Así, pues, el presentimiento no me había engañado. Aquí, entre nosotros, bajo apariencias de lealtad, en una época de paz general y de vigencia de los tratados internacionales, se cometía un crimen de lesa majestad. Un sombrío drama se desarrollaba en medio de un silencio absoluto, tan bien disimulado que nadie pudo adivinarlo ni descubrirlo bajo las apariencias inocentes de esta primavera. ¿Quién hubiera sospechado que entre ese maniquí amordazado, mudo, de ojos artificialmente animados, y Bianka, tan delicada, tan bien educada, se desarrollaba una tragedia familiar? ¿Quién era Bianka? ¿Debemos al fin levantar el velo del secreto? ¿Qué importa si no descendía de la emperatriz legítima de México[34], ni incluso de la esposa morganática, Isabel de Orgaz, cuya belleza había seducido al archiduque desde que la vio aparecer sobre la escena de una ópera ambulante?

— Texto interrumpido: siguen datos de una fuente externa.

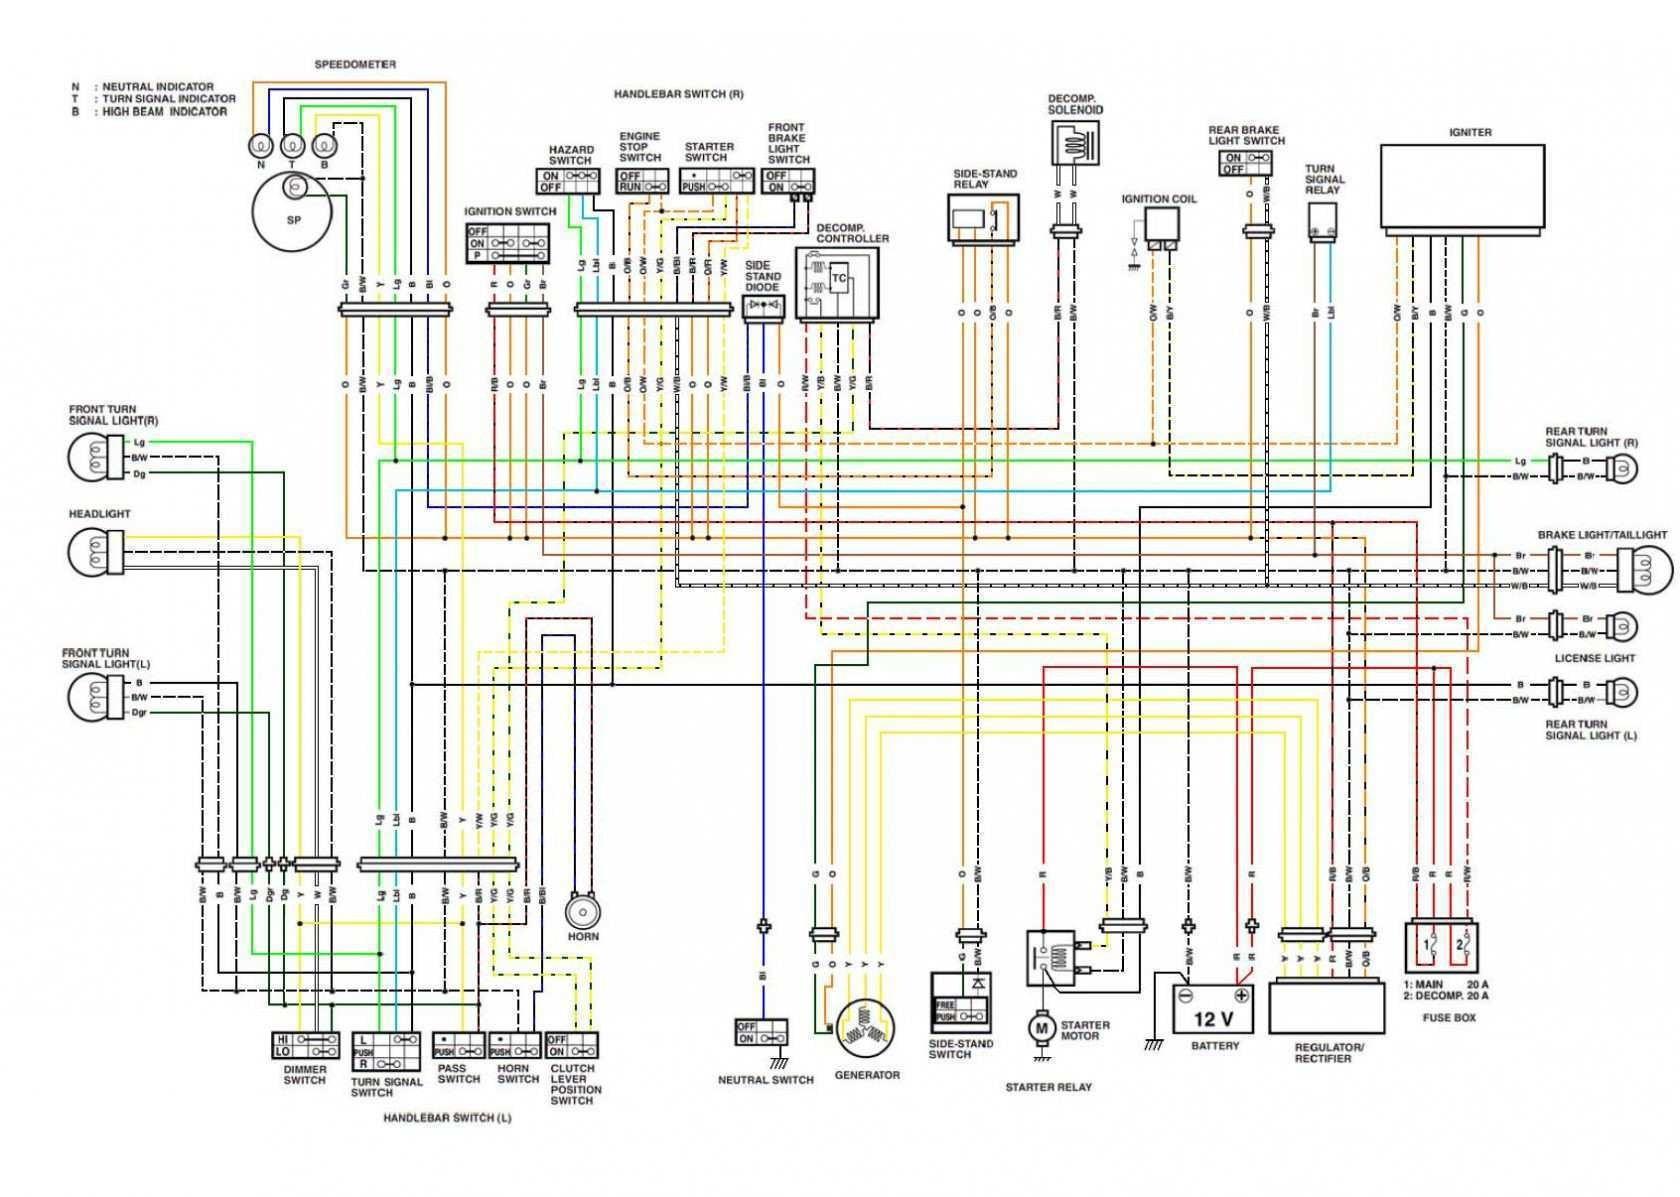 dyna ignition wiring diagram unique dyna ignition system diagram 2001 18 3lawi24 e280a2

¿Qué importa si su abuela fue aquella pequeña criolla a quien él llamaba tiernamente Conchita y que bajo ese nombre entró en la historia, por la escalera de servicio si se puede decir? Las informaciones que pude recoger sobre ella en el álbum de sellos se pueden resumir en pocas palabras.

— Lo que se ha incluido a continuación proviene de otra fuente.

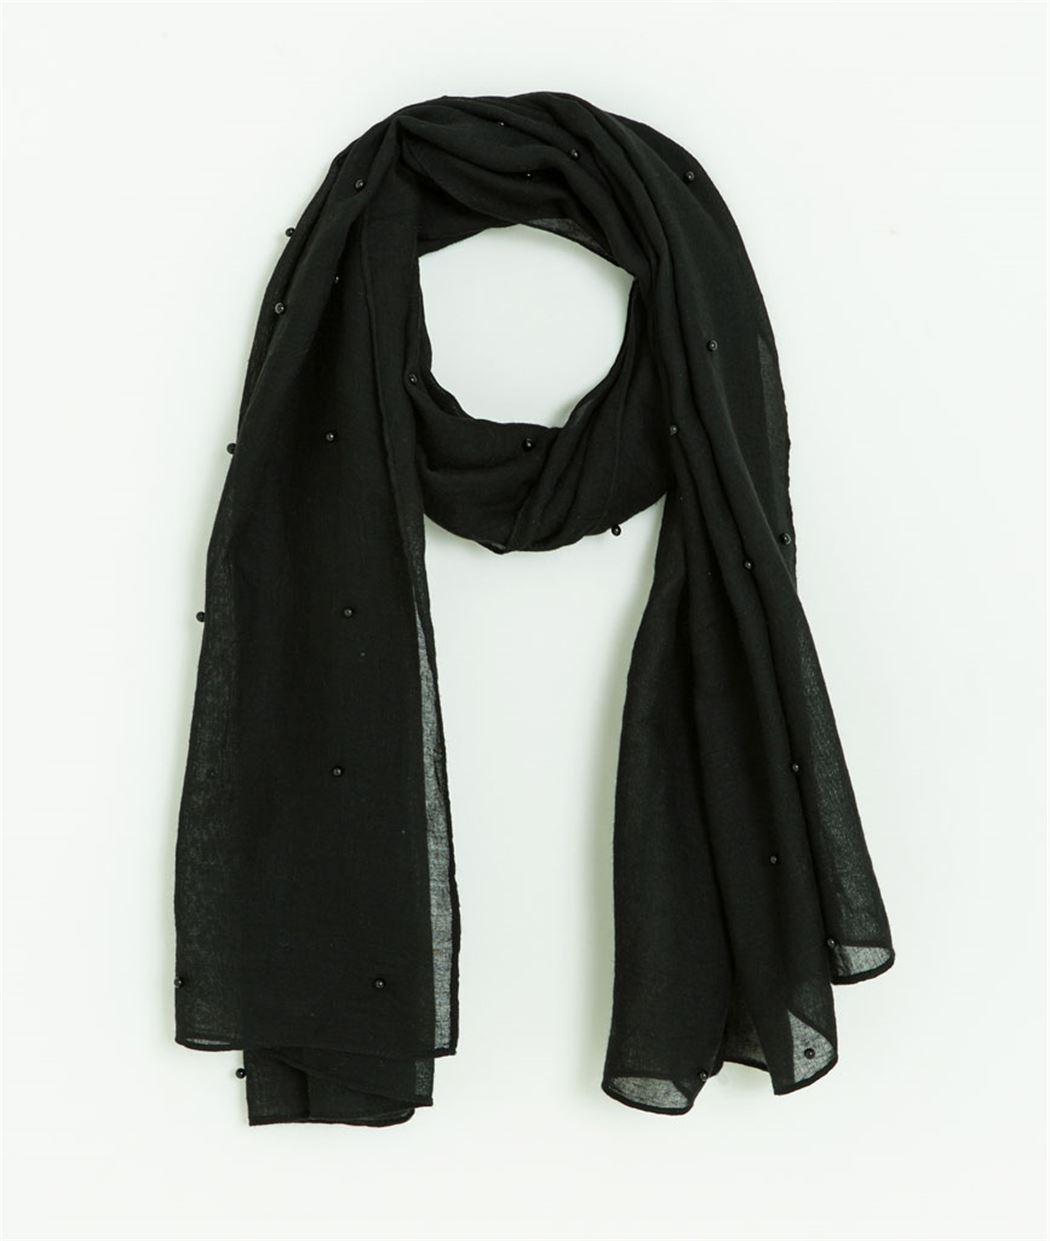 Foulard noir uni avec perles NOIR

Después de la caída del emperador, Conchita partió con su pequeña hija a París donde vivió de su renta de viuda, inquebrantablemente fiel a su imperial amante. La historia pierde aquí la huella de ese personaje entrañable; quedan las conjeturas y las intuiciones. Nada sabemos del matrimonio de su hija ni de la suerte de ésta. En cambio, en 1900, una cierta señora de V., persona de una extraordinaria belleza exótica, acompañada de su marido y su pequeña hija, deja Francia por Austria, provista de un pasaporte falso. En Salzburgo, en la frontera bávara, en el momento de subir al tren de Viena, toda la familia es arrestada por los gendarmes austriacos. Cosa extraña, después de la comprobación de sus falsos papeles, el señor de V. es puesto en libertad, sin embargo no hace ninguna gestión para liberar a su mujer y su hija. El mismo día, regresa a Francia y desaparece sin dejar huella. Aquí, todos los hilos se pierden por completo.